[Dataset records]:

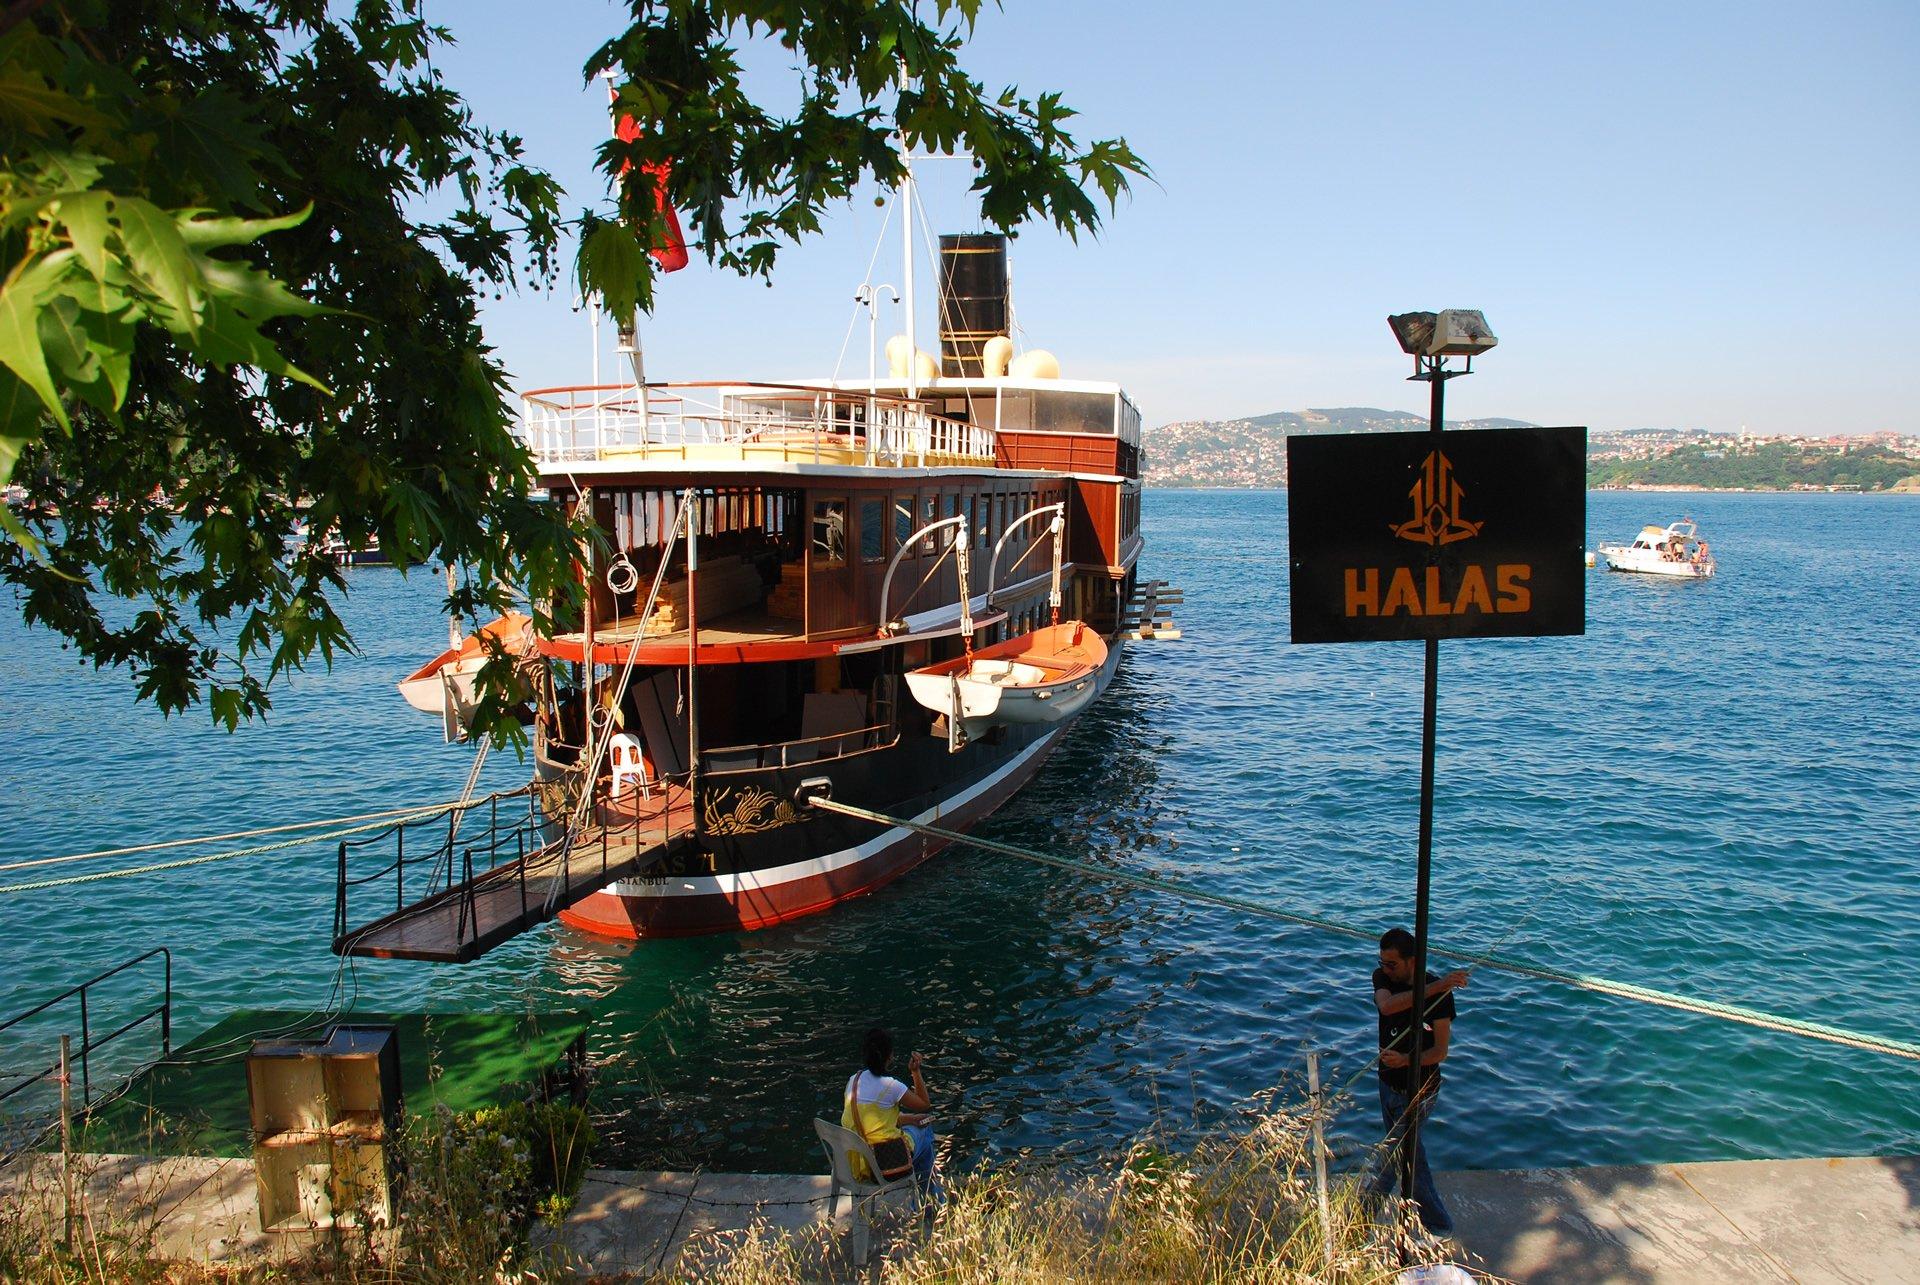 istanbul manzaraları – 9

--

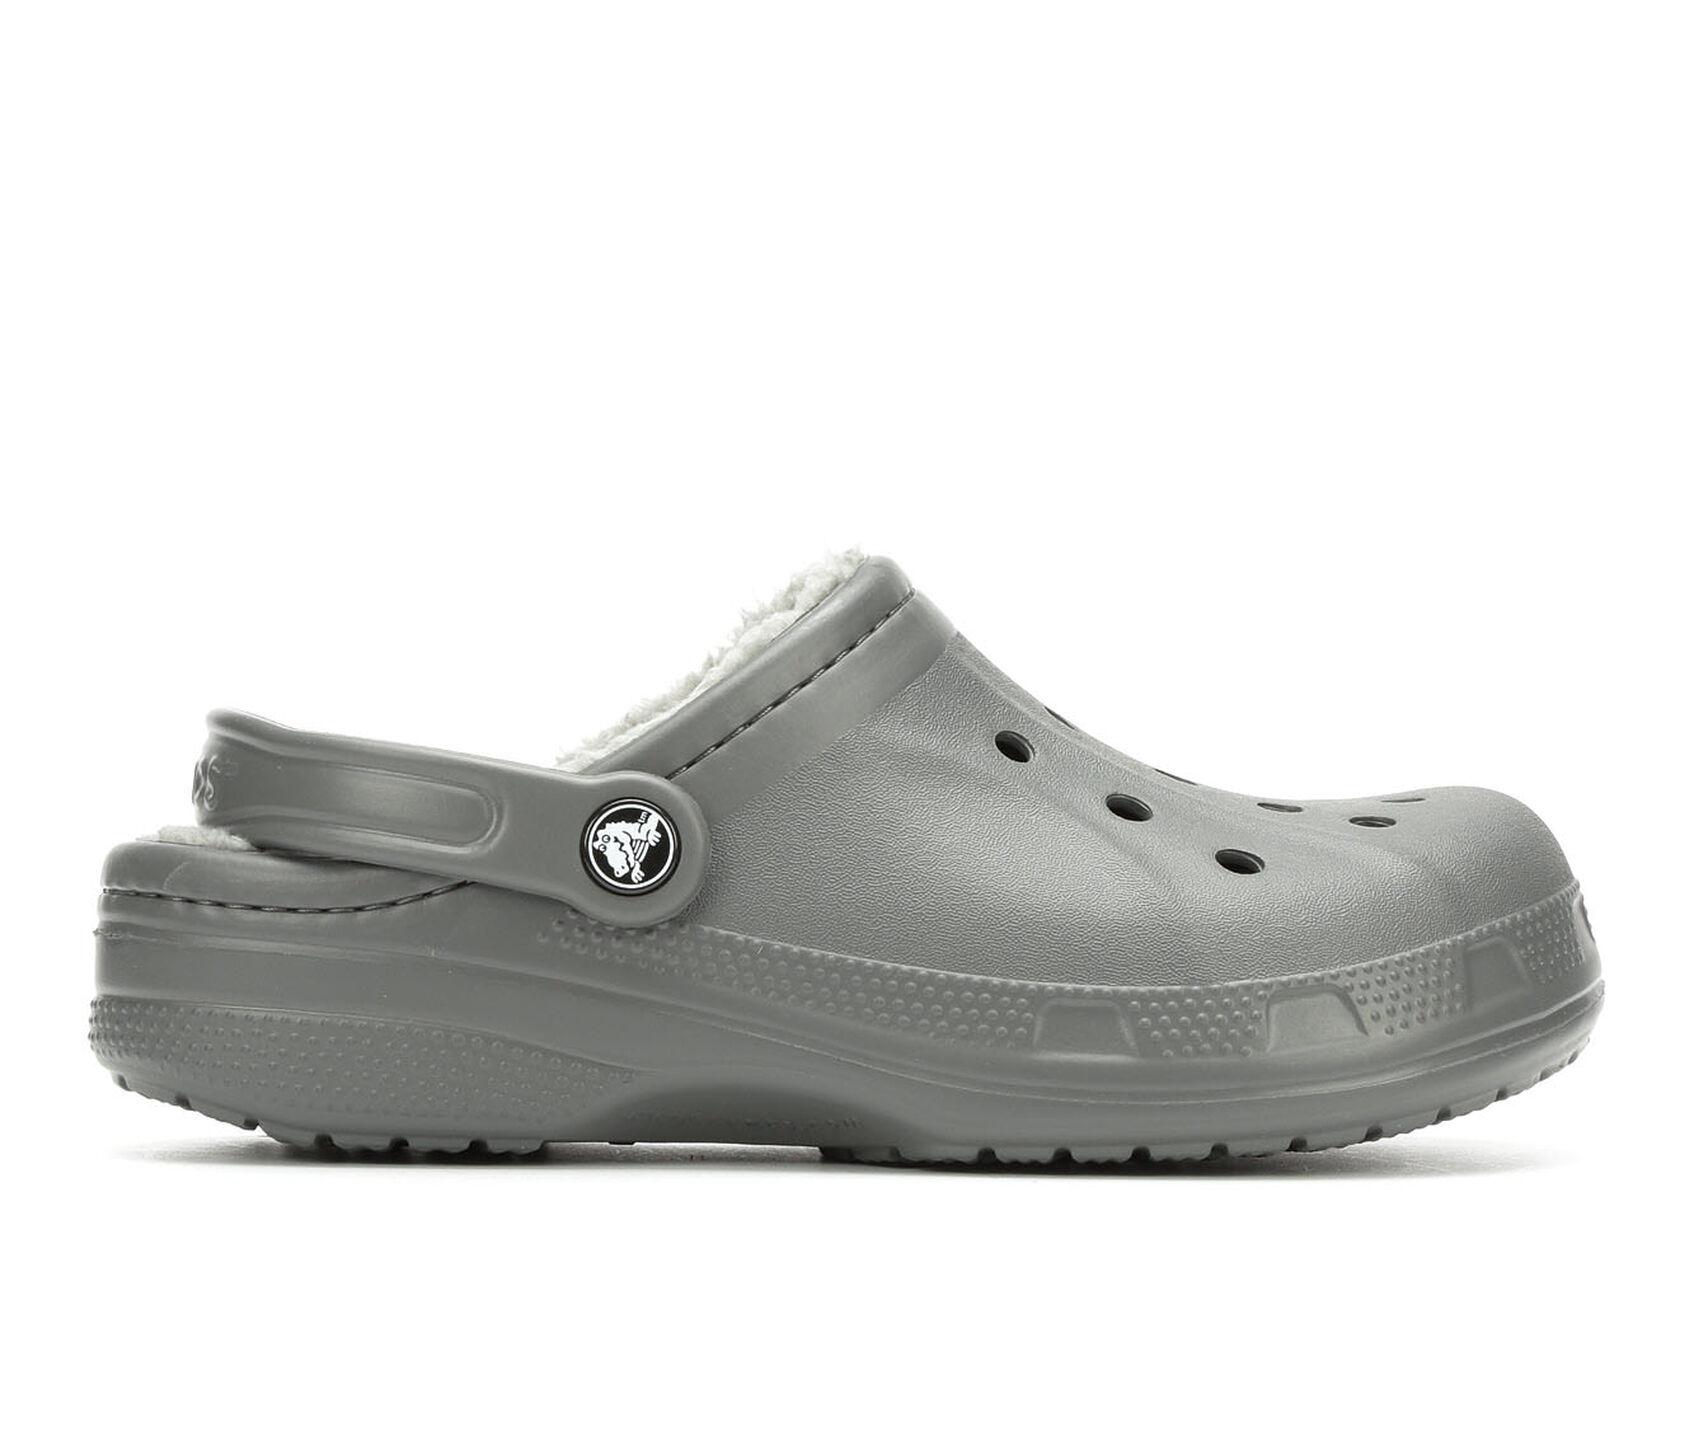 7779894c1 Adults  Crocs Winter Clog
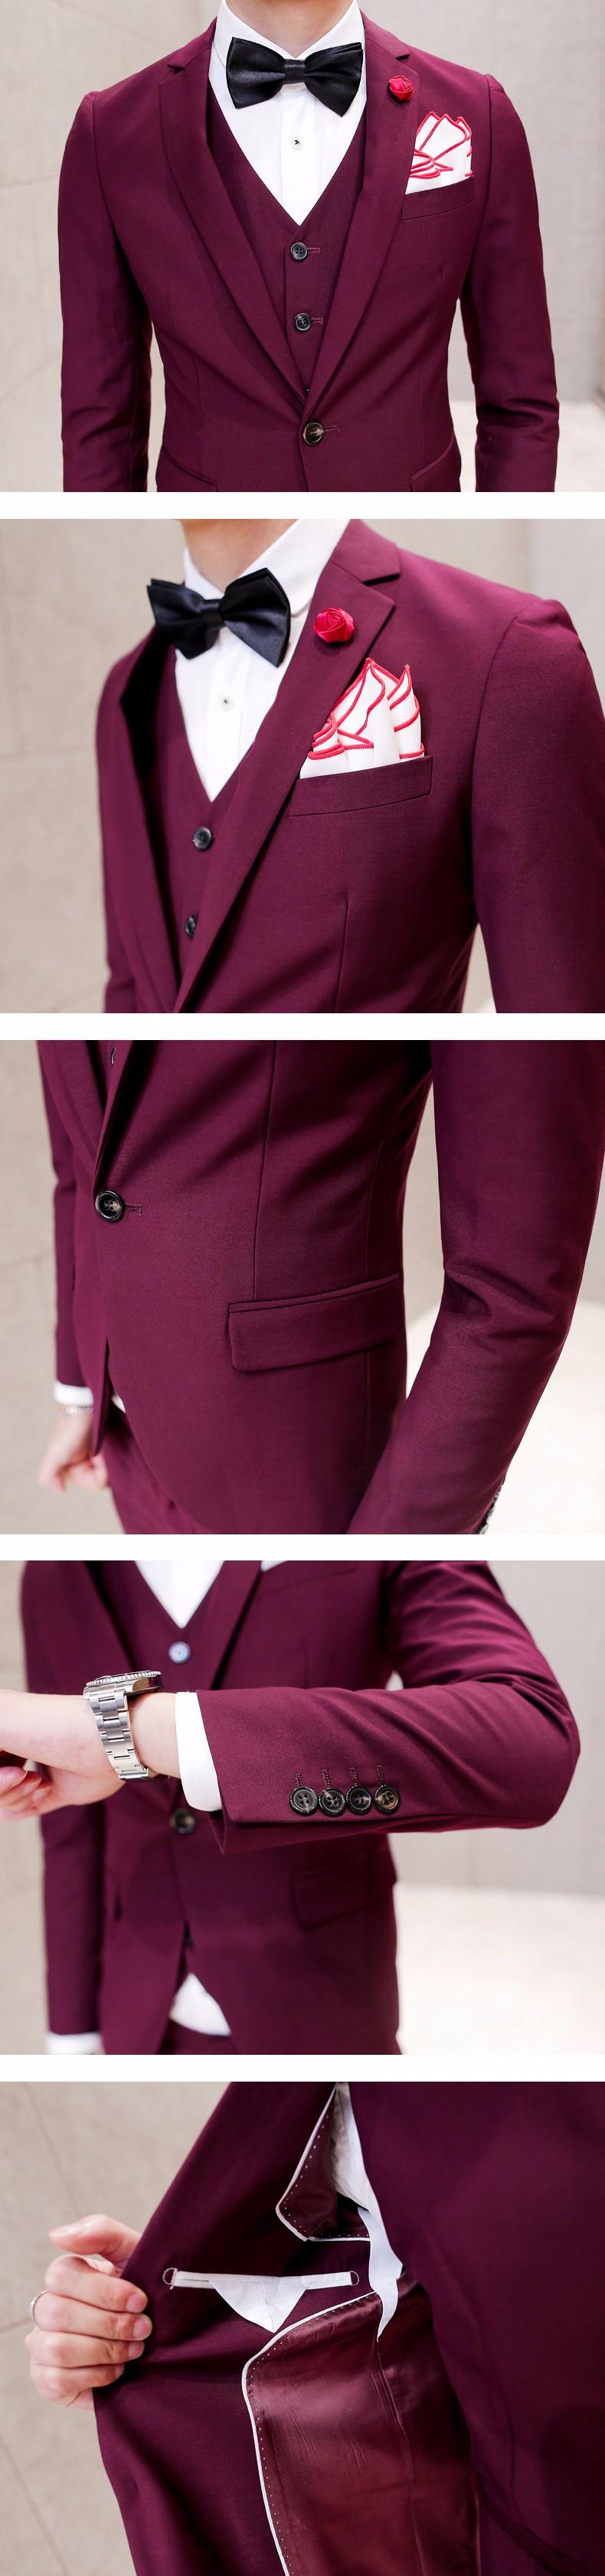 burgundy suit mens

[Prompt]: Without the pictures, give again exactly the lines above starting at the line containing "Crocs Winter Clog" and ending at the line containing "burgundy suit mens".

[Exercise output]:
 7779894c1 Adults  Crocs Winter Clog
 burgundy suit mens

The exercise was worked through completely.